*EXTRACTED MATERIAL*:
◇ ◇ ◇

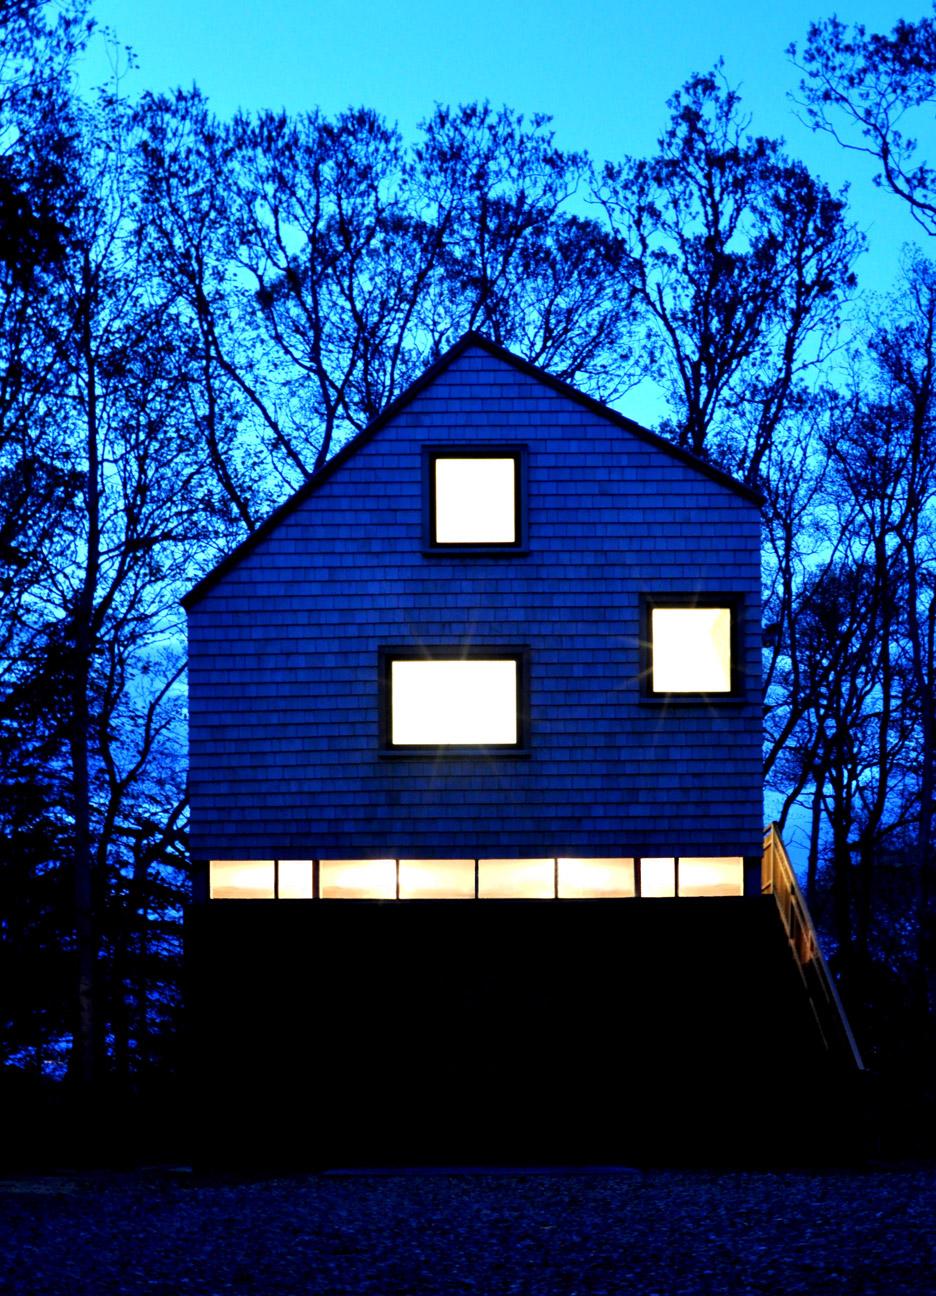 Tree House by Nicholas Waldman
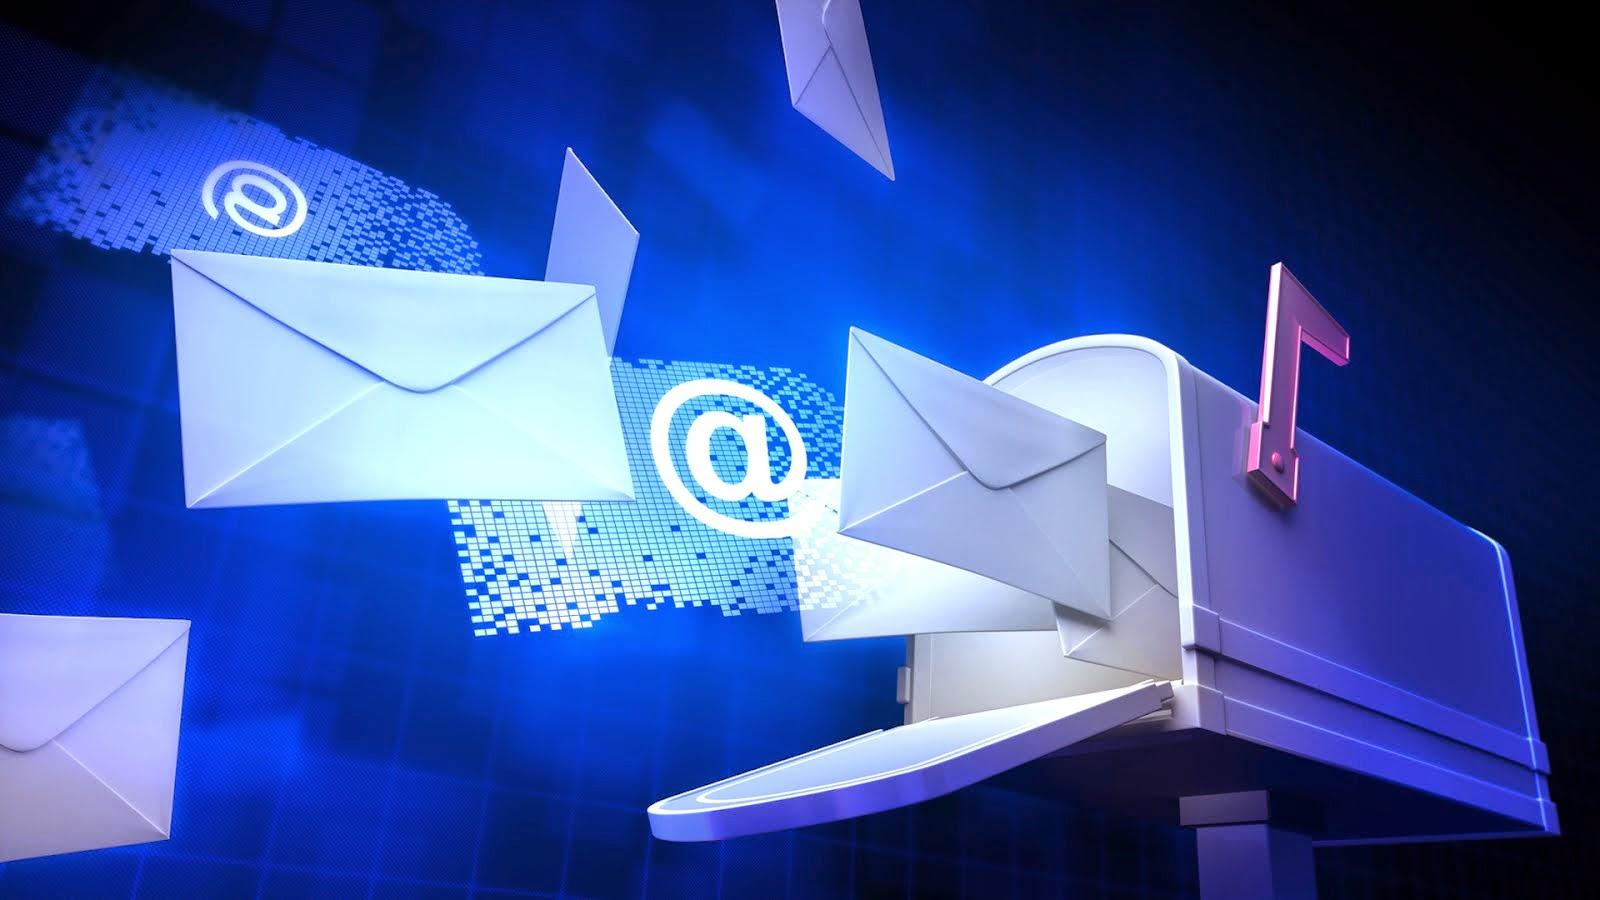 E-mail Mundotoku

◇ ◇ ◇

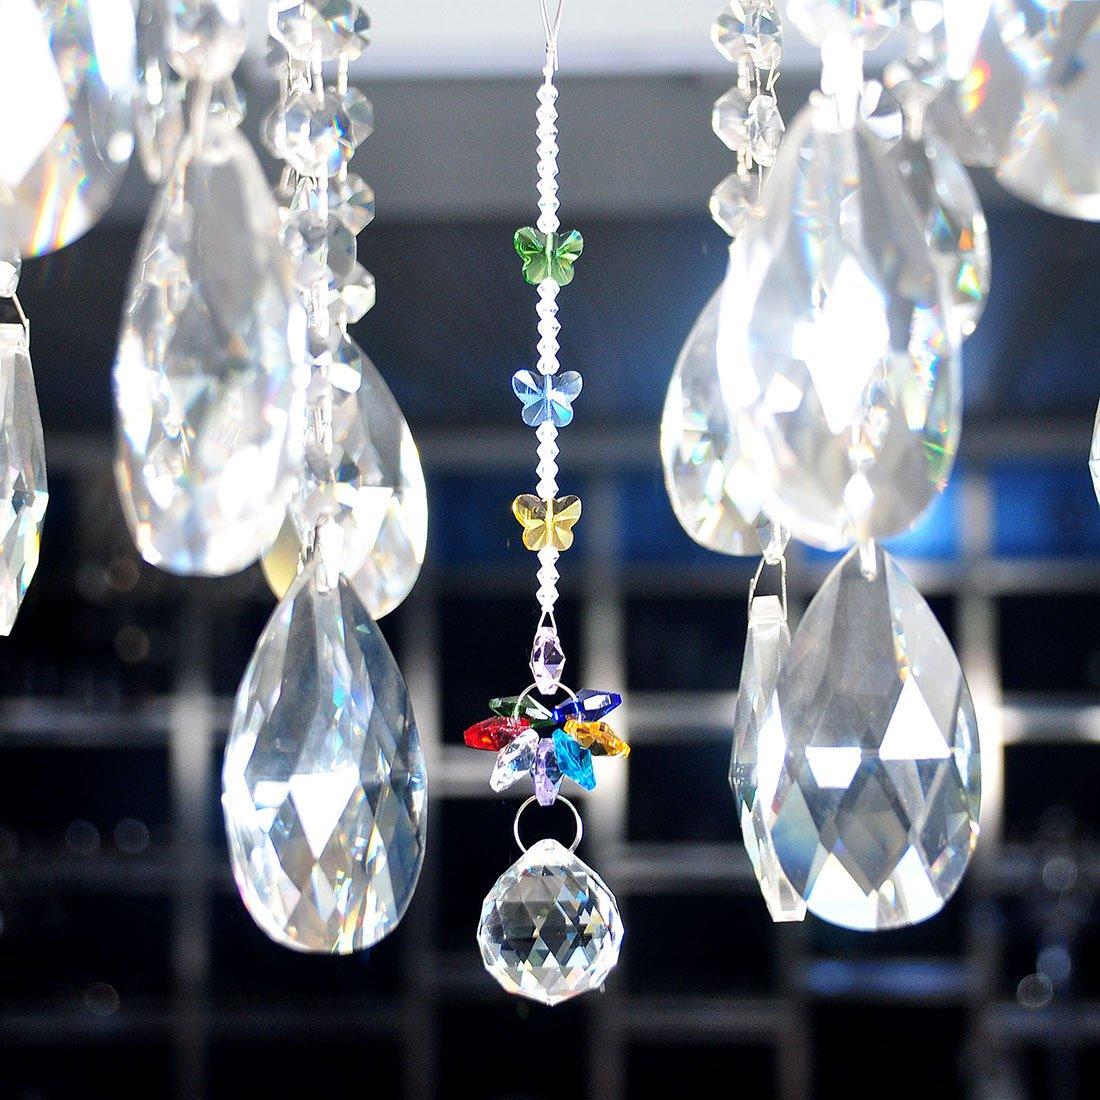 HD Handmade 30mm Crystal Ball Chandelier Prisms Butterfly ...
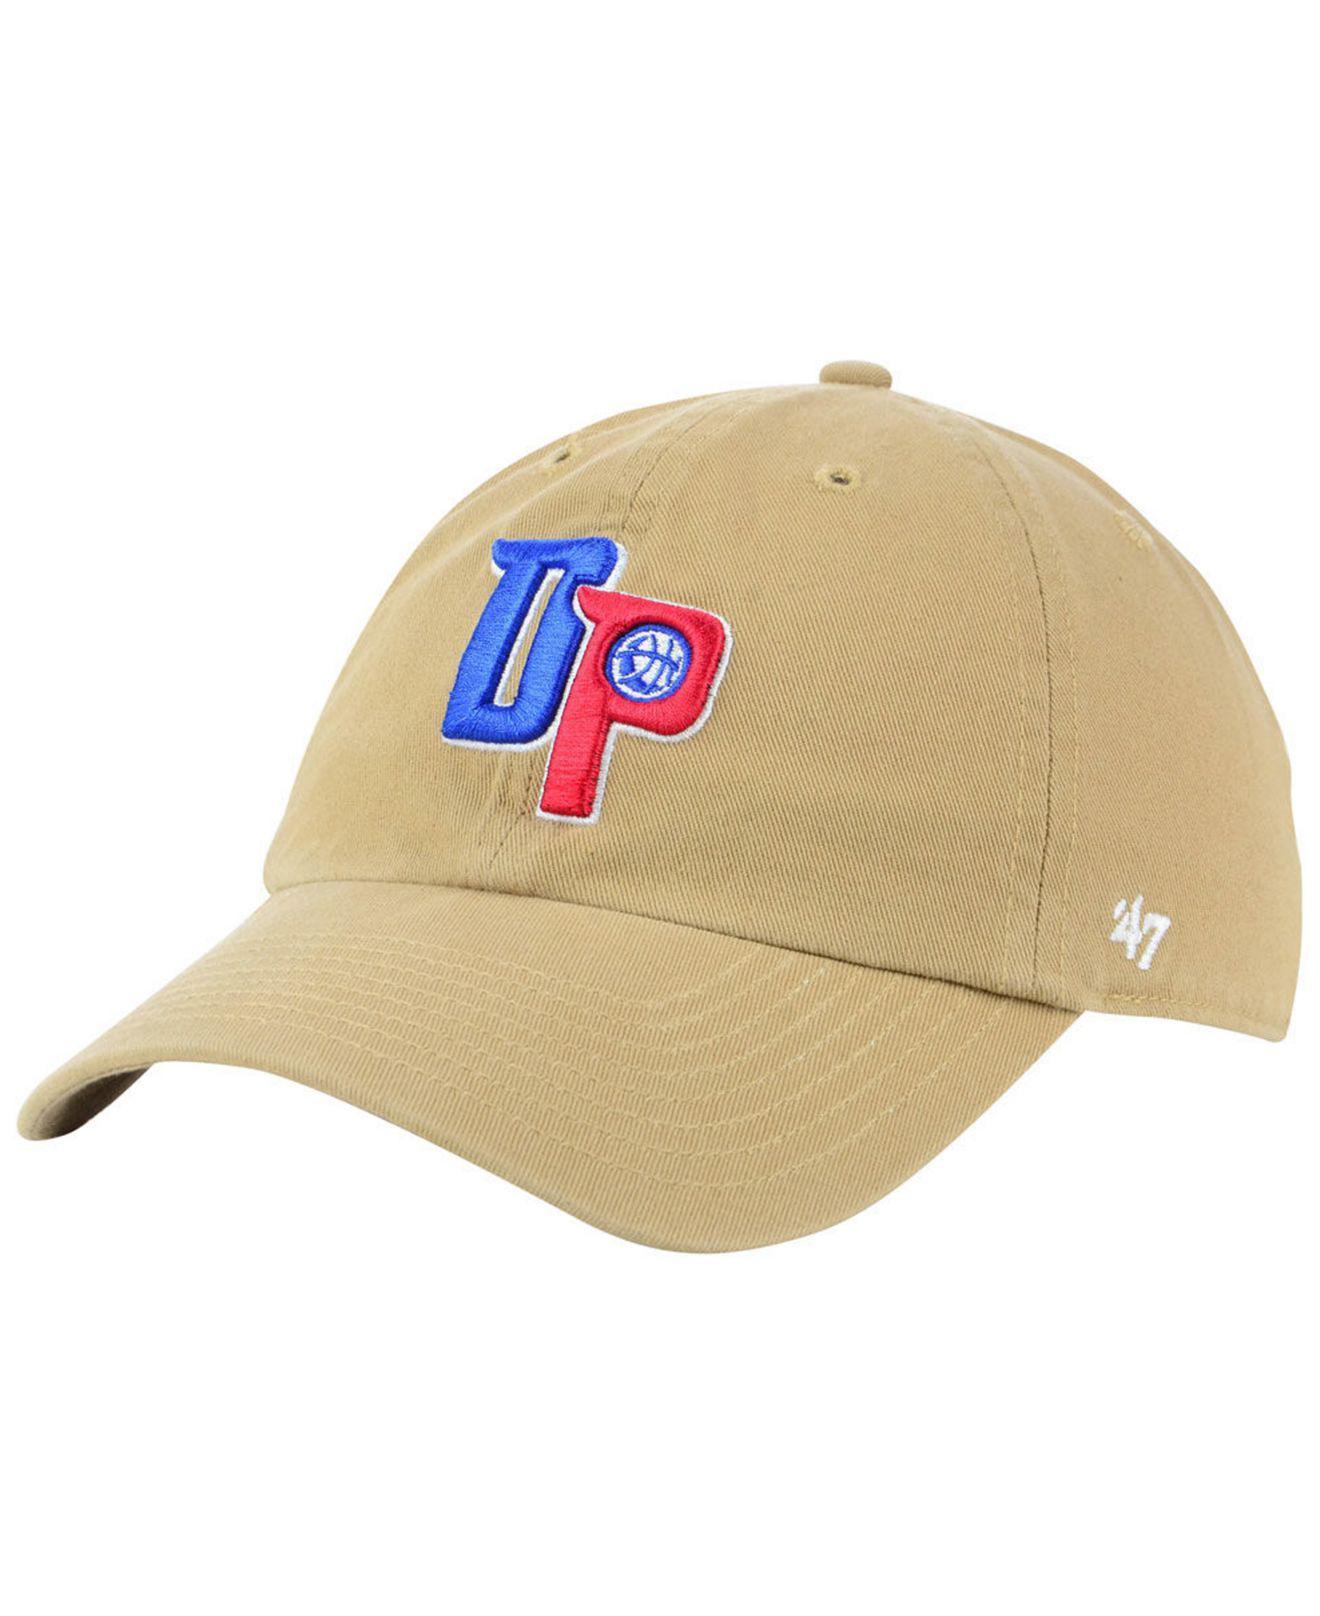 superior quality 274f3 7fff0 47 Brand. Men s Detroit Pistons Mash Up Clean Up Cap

◇ ◇ ◇

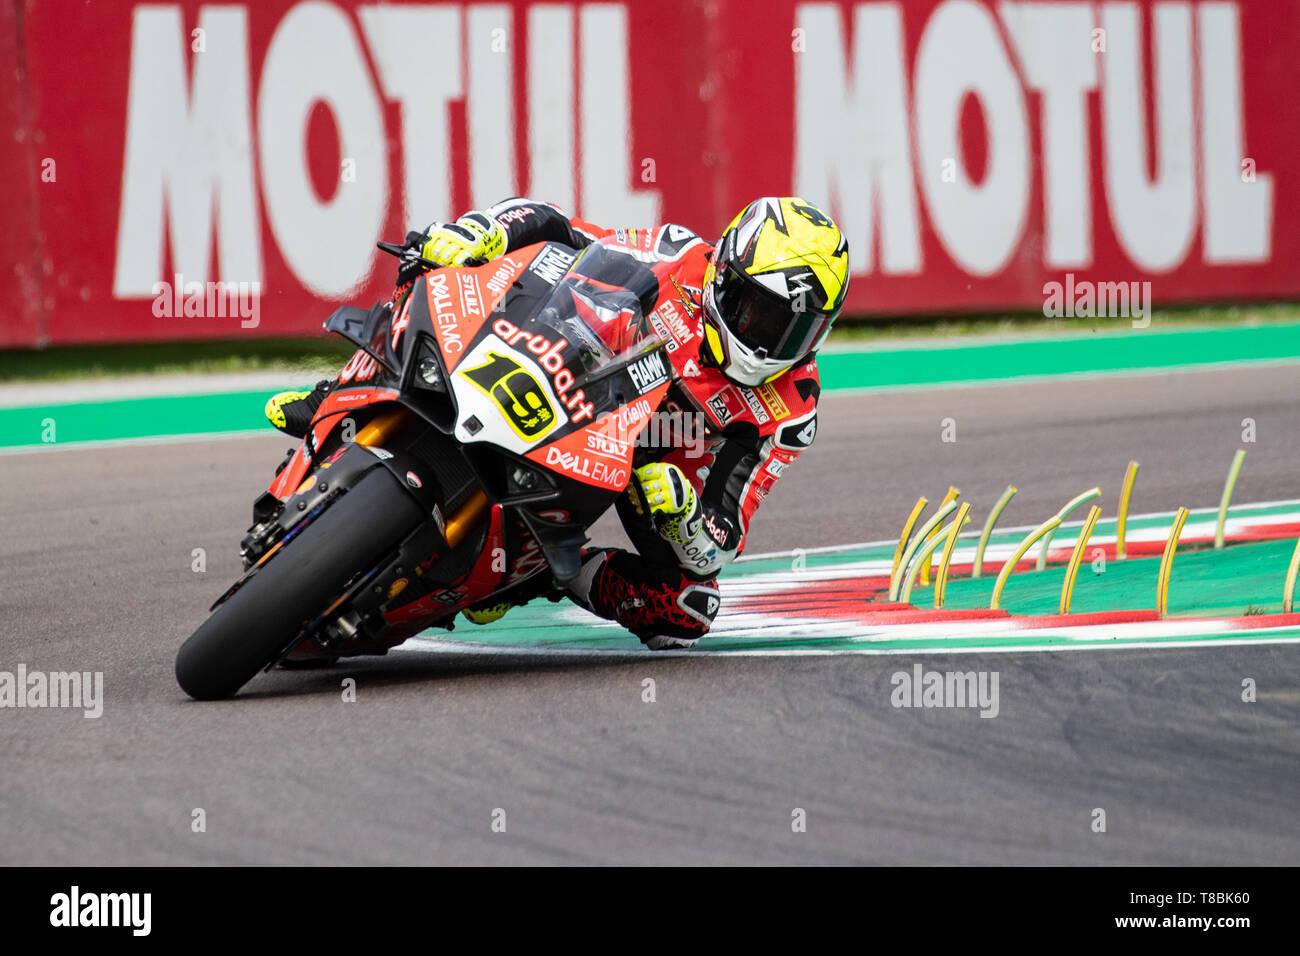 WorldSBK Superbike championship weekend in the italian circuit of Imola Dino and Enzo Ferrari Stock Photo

◇ ◇ ◇

*TRY IT*:
From the listing above, please give again the lines that begin with the line holding "HD Handmade 30mm" and go on through the line holding "superior quality 274f3", exactly, both ends included, minus any picture.

*OUTPUT OF THE EXERCISE*:
 HD Handmade 30mm Crystal Ball Chandelier Prisms Butterfly ...
 superior quality 274f3 7fff0 47 Brand. Men s Detroit Pistons Mash Up Clean Up Cap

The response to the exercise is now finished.